Clouds Hill, Colonel T.E. Lawrence’s former Dorset pied-à-terre, comprises four cramped rooms — two up, two down — and you have to mind your head as you go up the stairs. At the top of the stairs is a cell-like bunkroom, lined from top to bottom with aluminium. The wooden ship’s bunk would only be remotely comfortable to a man of Lawrence’s height, which was 5’5″. Daylight comes in via a first world war battle cruiser’s porthole, fitted by Lawrence just days before he was catapaulted from his Brough Superior motor-bike and fatally injured.
A theory on a website for sado-masochists I’ve visited, one of many theories surrounding this refreshingly complex individual, states that Lawrence was often confined here before being summoned to the music room and assiduously thrashed. Whether an aluminium-lined bunkroom was an essential part or not, his keen participation in an elaborate sado-masochistic punishment ritual is well documented. In fact, Lawrence played his submissive role so convincingly that for many years the man employed to wield the whip, Private Jack Bruce, innocently believed Lawrence’s fantastic story that his (Bruce’s) wages were being mailed by a rich uncle, who wanted his world-famous nephew regularly chastised for some unspecified past misdemeanour. Bruce was thorough. An eye-witness said afterwards that the beating he watched was so savage it made him feel physically sick.

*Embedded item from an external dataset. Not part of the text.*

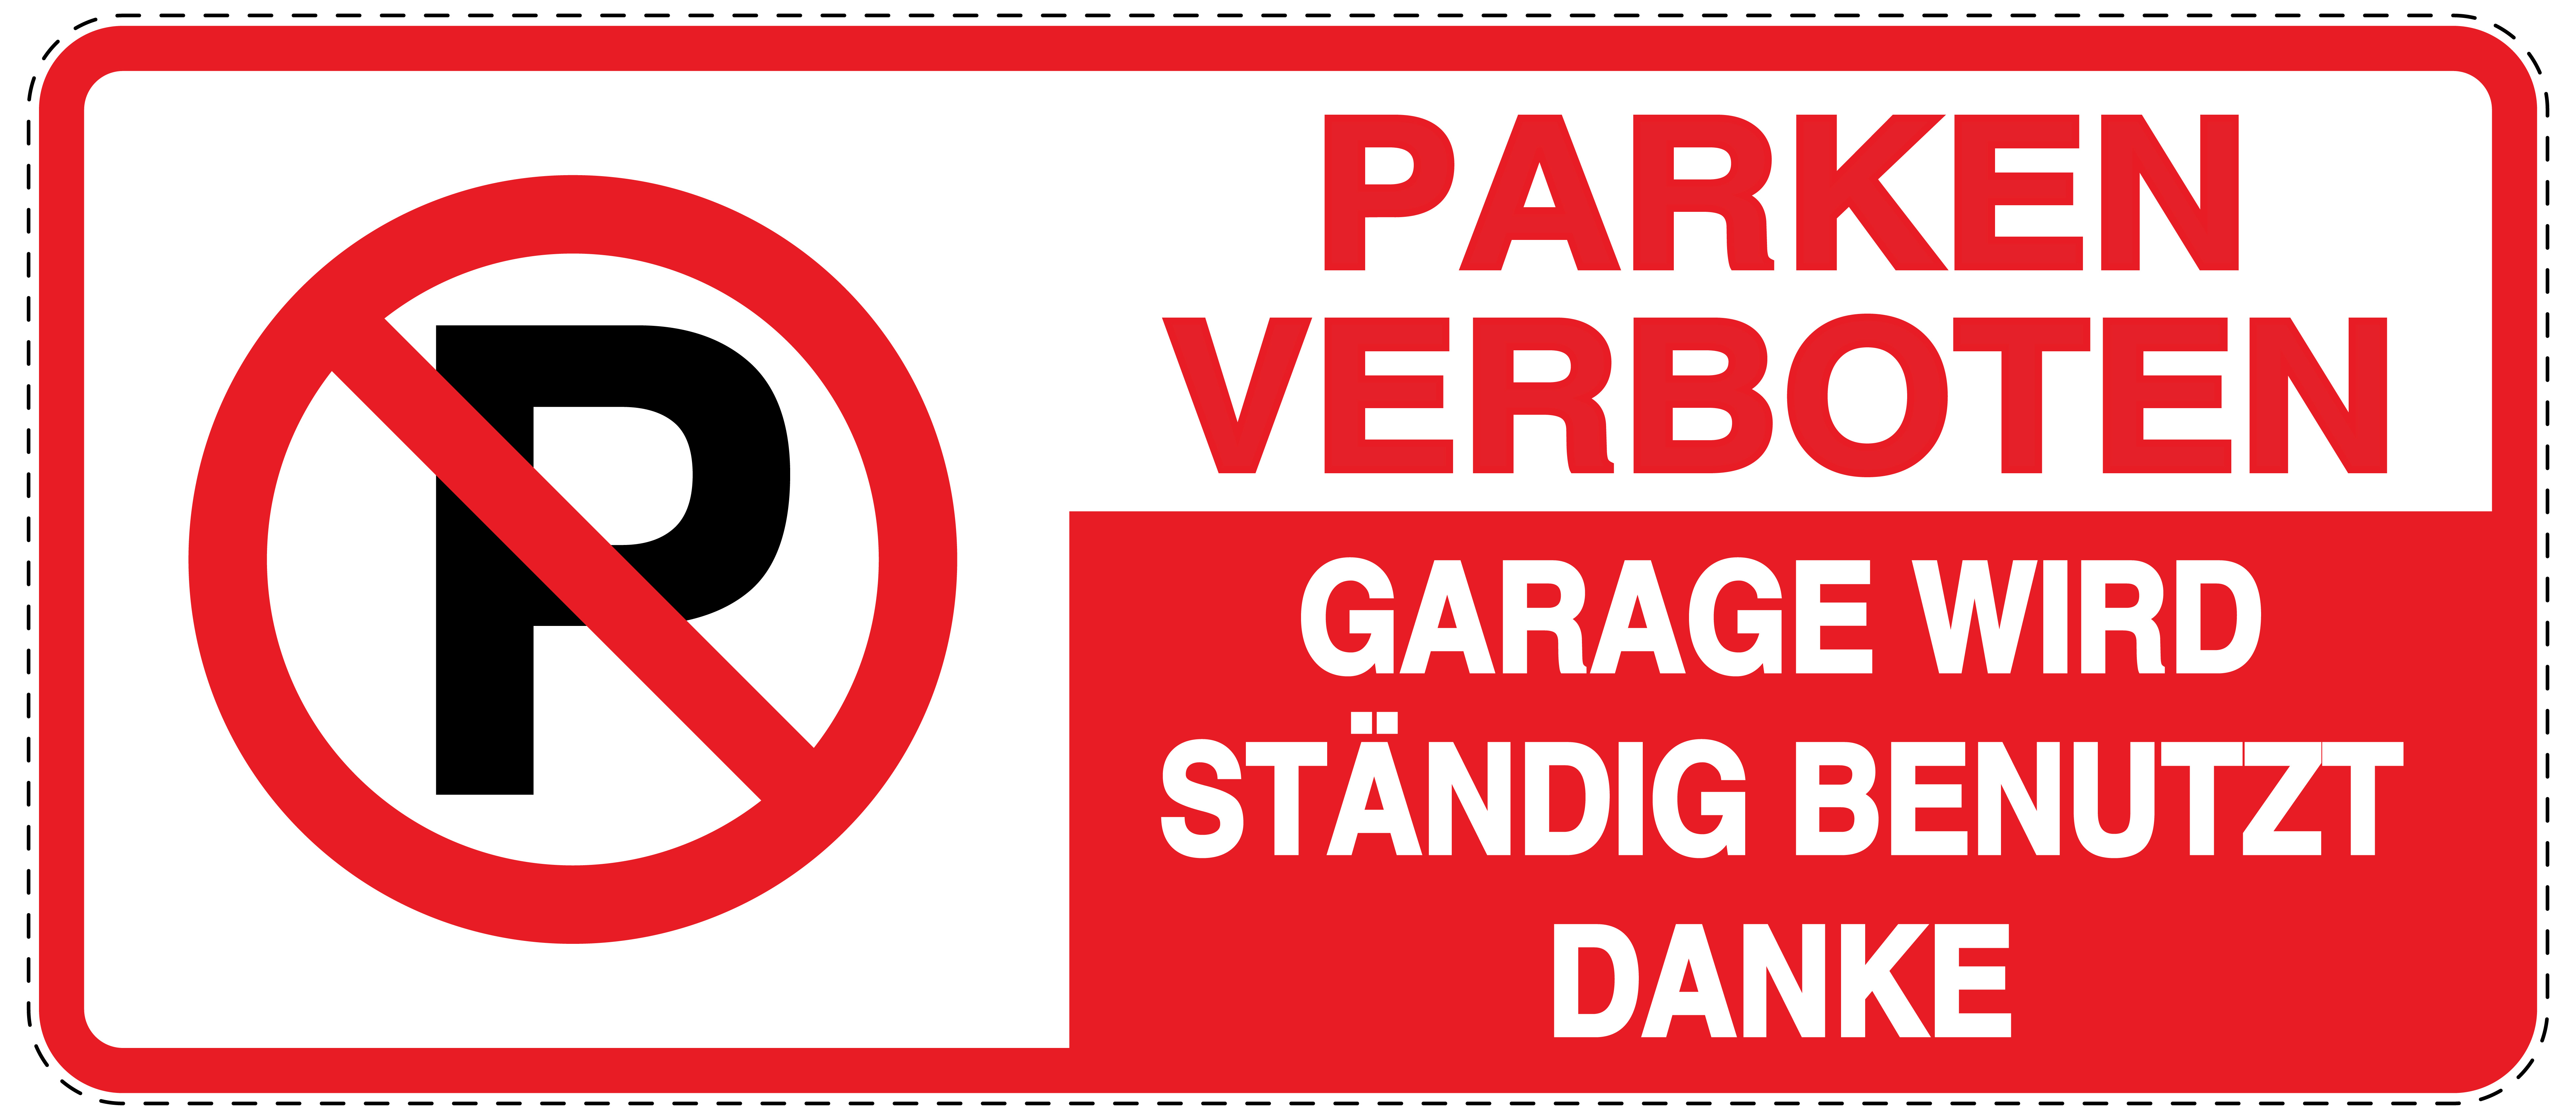 Parken verboten Garage wird ständig benutzt Aufkleber 30x20cm

I was the first visitor of the day. Next to the bunkroom is a larger room, dominated by a large gramophone, known as the music room. In here a National Trust lady volunteer was perched on the window-sill. She appeared to have been seduced into a reverie by Clouds Hill’s profound peacefulness. So as not to distract her, I tiptoed about, quietly examining the huge gramophone, the leather sofa, the mahogany writing table, the knackered old Royal typewriter, and the mantelshelf that Lawrence stood at to eat his meagre suppers, presumably because it hurt too much to sit down.